Start by reading this article on how to train efficiently. If you're doing all these things already and still finding your workouts take too long, it's time to adjust your program. You need something fast, dead simple, and no more than 3 times weekly. Here's the program I'd recommend for maximum training efficiency and effectiveness.

 

MONDAY

5 minute active warmup (fast paced air squats, back, chest and shoulder stretches)

Squats - 3 sets of 5 reps (intensity of first set 75%)

Bench Press - 3 sets of 5 reps (intensity of first set 75%)

Deadlift - 3 sets of 5 reps (intensity of first set 75%)

 

WEDNESDAY

5 minute active warmup (fast paced air squats, back, chest and shoulder stretches)

 

Squats - 2 sets of of 10 reps (intensity of first set 60%)

Overhead Press - 3 sets of 5 reps (intensity of first set 60%)

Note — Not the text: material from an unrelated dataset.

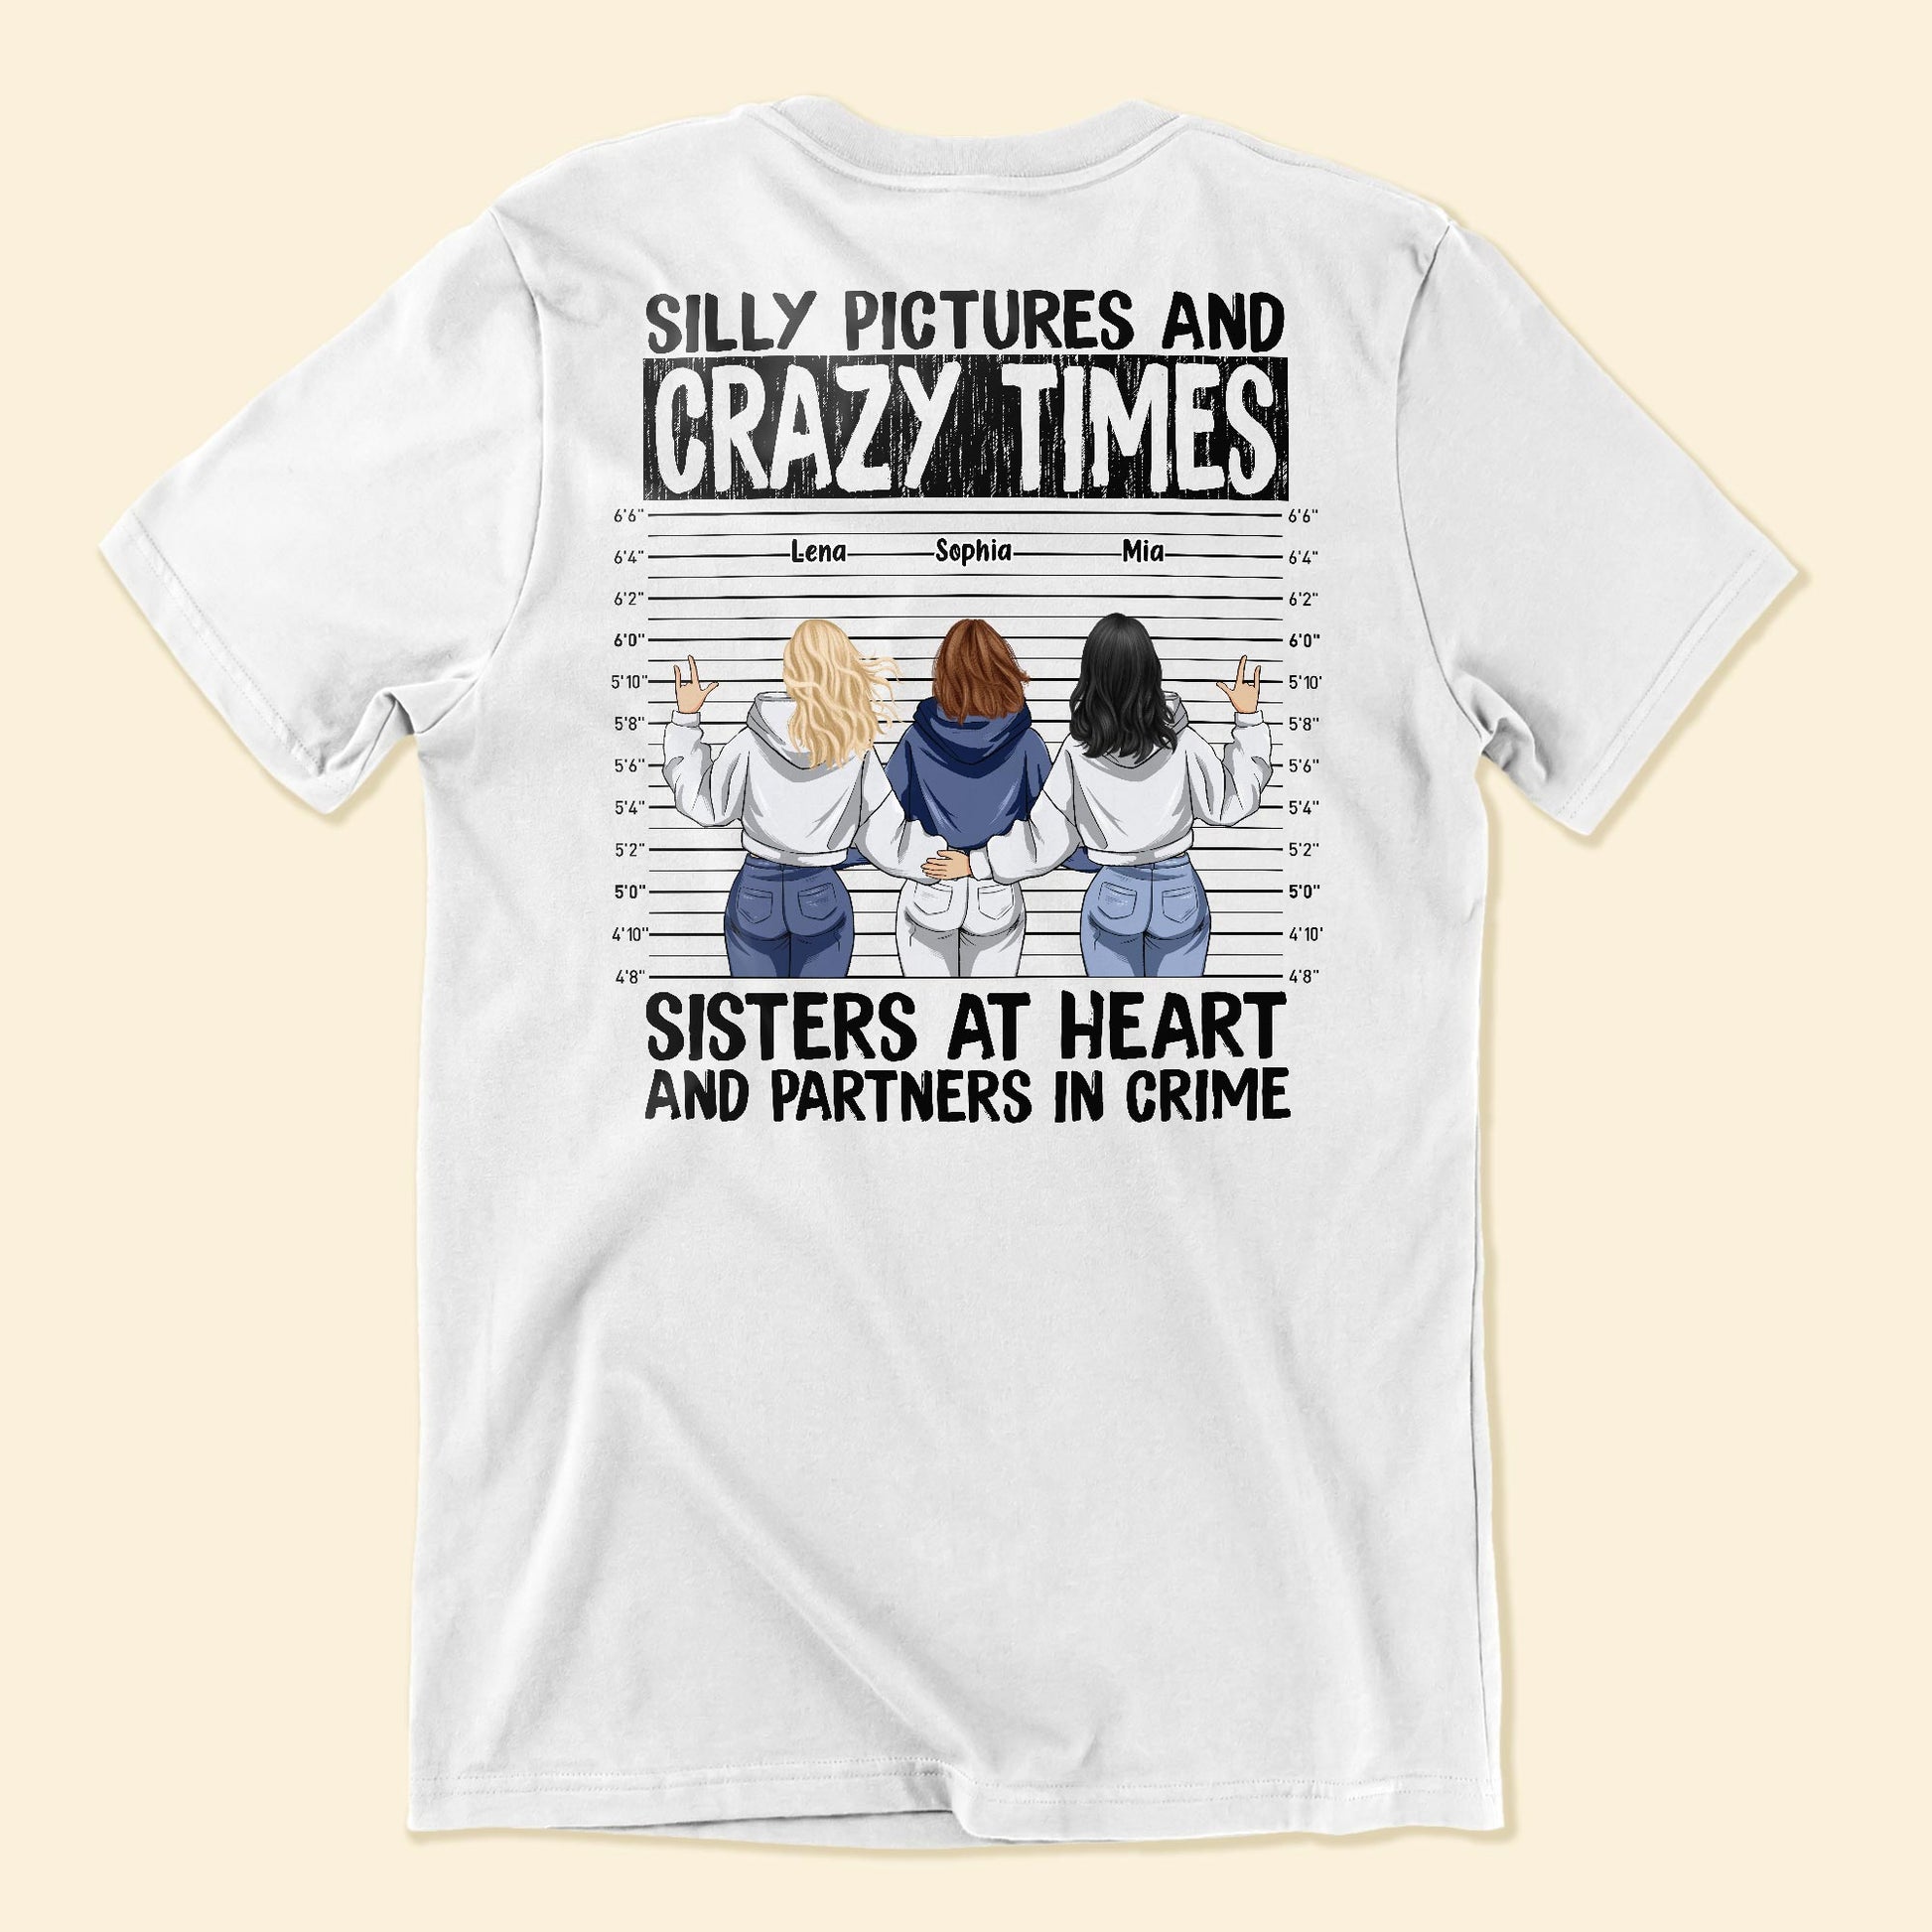 https://macorner.co/cdn/shop/products/Silly-Pictures-Crazy-Times-Sisters-At-Heart-Partners-In-Crime-Personalized-Shirt-Funny-Birthday-Friendship-Gift-For-Besties-BFF-Best-Friends-Soul-Sisters_2.jpg?v=1656996216&width=1946

Pullups/Pulldowns/Rows - 3 set of 5 reps (intensity of first set 75%)

 

 

FRIDAY

5 minute active warmup (fast paced air squats, back, chest and shoulder stretches)

Squats - 1 set of 5 reps (intensity 85-90%)

Bench Press - 1 set of 5 reps (intensity 85-90%)

Deadlift - 1 set of 5 reps (intensity 85-90%)

 

 

 

That's it. Dead simple, highly effective, and very fast. 30 minutes, 3 times per week. Friday might be even less. No extras, just bare bones compound movements. Yes, squatting, benching and deadlifting multiple times each week might seem like a lot. The reason I've laid it out this way is that these movements are the best for making you strong, and the varying intensity levels ensure you won't overtrain. If you're familiar with strength training programs, you might recognize some similarities to Mark Rippetoe's Texas Method. The intensity numbers are just a guideline, and you definitely shouldn't start off trying to achieve them if you're new to lifting (or coming back to it after a long hiatus). Just start moving under the bar. If you can't find 30 minutes 3 times weekly, get up 30 minutes earlier or go to bed 30 minutes later. Or spend 30 less minutes doing something during the day. This program is as simplified and streamlined as possible. The rest is up to you.